Des meetings en faveur du « oui », auxquels devaient participer des ministres turcs, avaient été organisés dans plusieurs pays d'Europe pour mobiliser cet électorat traditionnellement fidèle à l'AKP (parti de la Justice et du Développement). Mais, début mars, nombre de ces réunions ont été annulées dans plusieurs villes d'Allemagne, des Pays-Bas, d'Autriche, de Suisse et du Danemark, déjouant les plans du parti au pouvoir. « Cela a toutefois permis à Erdogan de jouer à fond la carte de la victimisation », affirme Didier Billion, directeur de l'IRIS et spécialiste de la Turquie contemporaine, interrogé par L'Orient-Le Jour. Le président turc a saisi cette occasion pour se poser en défenseur de la démocratie, accusant les Européens de le faire taire. « Du même coup, il fait écho aux frustrations auxquelles peut faire face une partie des expatriés turcs, notamment celle d'être considérés comme des citoyens de seconde zone », analyse pour L'OLJ Jean Marcou, professeur des universités à l'Institut d'études politiques de Grenoble.

 

(Lire aussi : Le parti prokurde dénonce un « embargo médiatique » en Turquie)

 

En se présentant comme le seul susceptible de se battre pour leur reconnaissance, le président turc s'offre une image de prestige auprès de ces ressortissants. S'il est la cible des critiques en Europe, les derniers rebondissements diplomatiques « n'ont pas ébranlé l'électorat de l'AKP à l'étranger, mais pourraient même le renforcer », affirme M. Billion.
Au cours des derniers scrutins, les scores du parti au pouvoir étaient plus importants au sein de la diaspora qu'en Turquie même. Lors des législatives de juin 2015, l'AKP avait récolté 50 % des voix en France, contre 40 % sur le résultat global. Les membres de la diaspora, dont la plupart sont issus d'Anatolie, la région asiatique de la Turquie, constituent une population majoritairement conservatrice, plus encline à voter pour l'AKP. Nombre de ces expatriés reviennent ponctuellement en Turquie et y constatent les améliorations économiques effectuées depuis leur départ, qu'ils attribuent au parti du président, renforçant ainsi son aura.

 

(Lire aussi : À l’approche du référendum turc, les partisans du « non » se veulent optimistes)

 

Le vote pour l'AKP n'est pas gagné
L'AKP a particulièrement ciblé cet électorat depuis son accession au pouvoir en 2001. M. Erdogan a plusieurs fois appelé les membres de la diaspora à s'intégrer, mais ne pas s'assimiler, pour s'assurer de leur attachement à la patrie. Ces dernières années, un effort particulier a été fourni pour renforcer ce lien, via l'adoption d'une nouvelle loi électorale en 2014, qui permet aux expatriés turcs de voter aux scrutins de leur pays d'origine depuis leur pays d'accueil, alors qu'auparavant ils devaient se déplacer en Turquie ou dans les aéroports. « Depuis l'entrée en vigueur de cette nouvelle loi, les taux de participation de la diaspora aux élections turques a grimpé », affirme M. Billion. Une participation qui attire de plus en plus l'attention des autres partis politiques turcs, qui ont compris que cette masse électorale pouvait peser dans la balance.
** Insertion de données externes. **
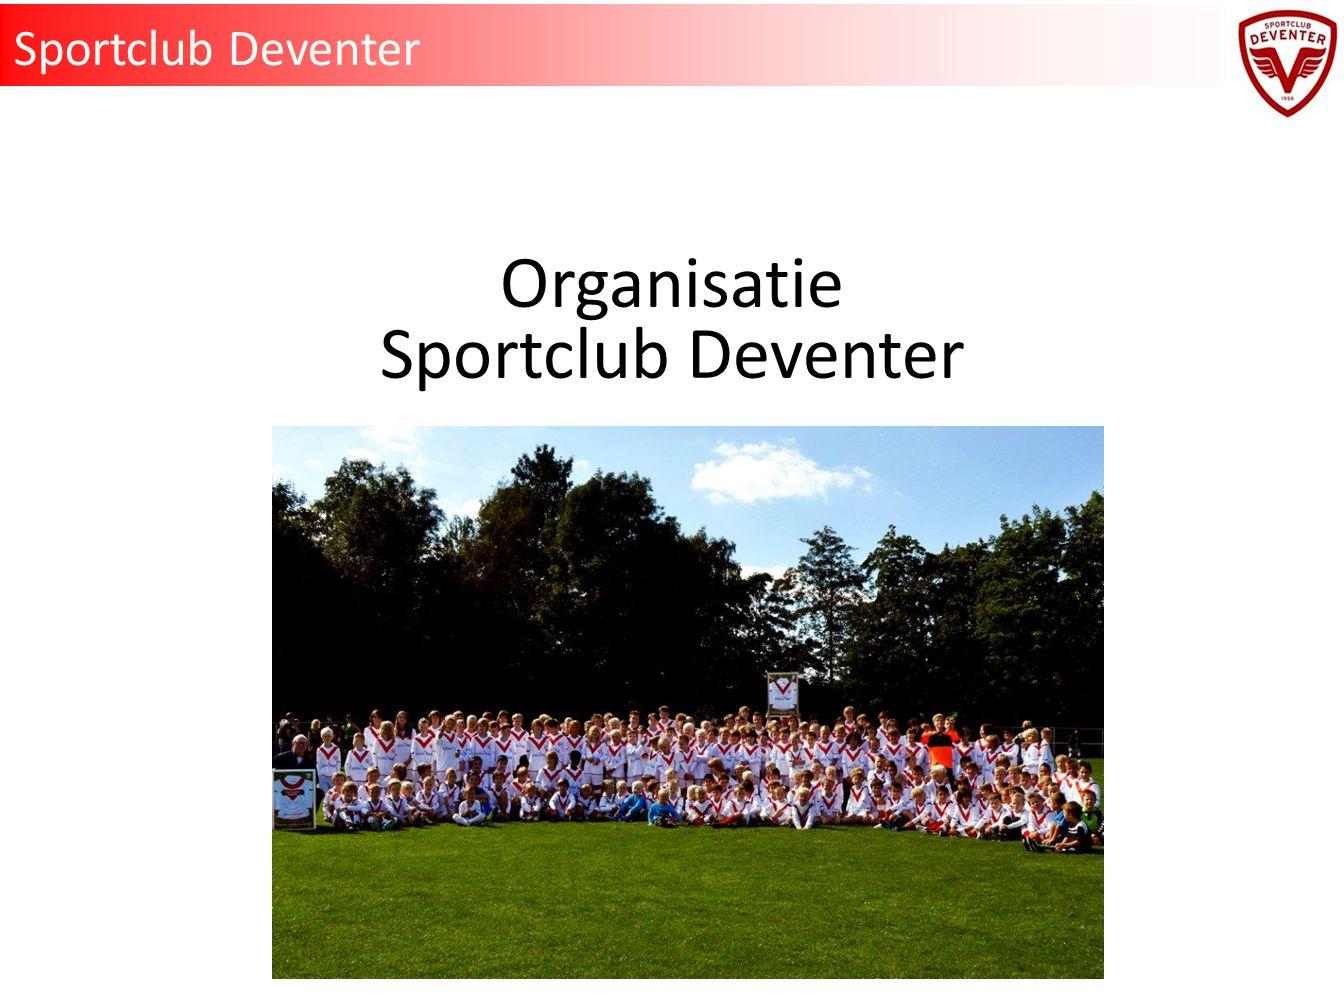 """Doel: Invulling geven aan een """"nieuwe organisatie, met heldere verdeling van taken en verantwoordelijkheden, die past bij de fase waarin Sportclub Deventer zich bevindt en waarbij de club klaar is voor de toekomst."""

Ainsi, pour la première fois depuis 15 ans, les voix de la diaspora turque ne sont pas gagnées pour l'AKP. Les affrontements entre partisans et opposants de M. Erdogan, qui ont eu lieu la semaine dernière devant l'ambassade de Turquie en Belgique, rappellent à quel point cette diaspora est politiquement polarisée, comme le reste de la population. Un phénomène qui pourrait s'accentuer, car la Turquie fait face à la renaissance d'une émigration politique, notamment depuis le coup d'État avorté du 19 juillet 2016. « De plus en plus d'opposants à Erdogan émigrent en Europe, et ils devraient avoir une influence sur les membres de la diaspora », explique M. Marcou.
Une influence qui n'existait pas ou peu auparavant, et qui place l'AKP face à une nouvelle problématique.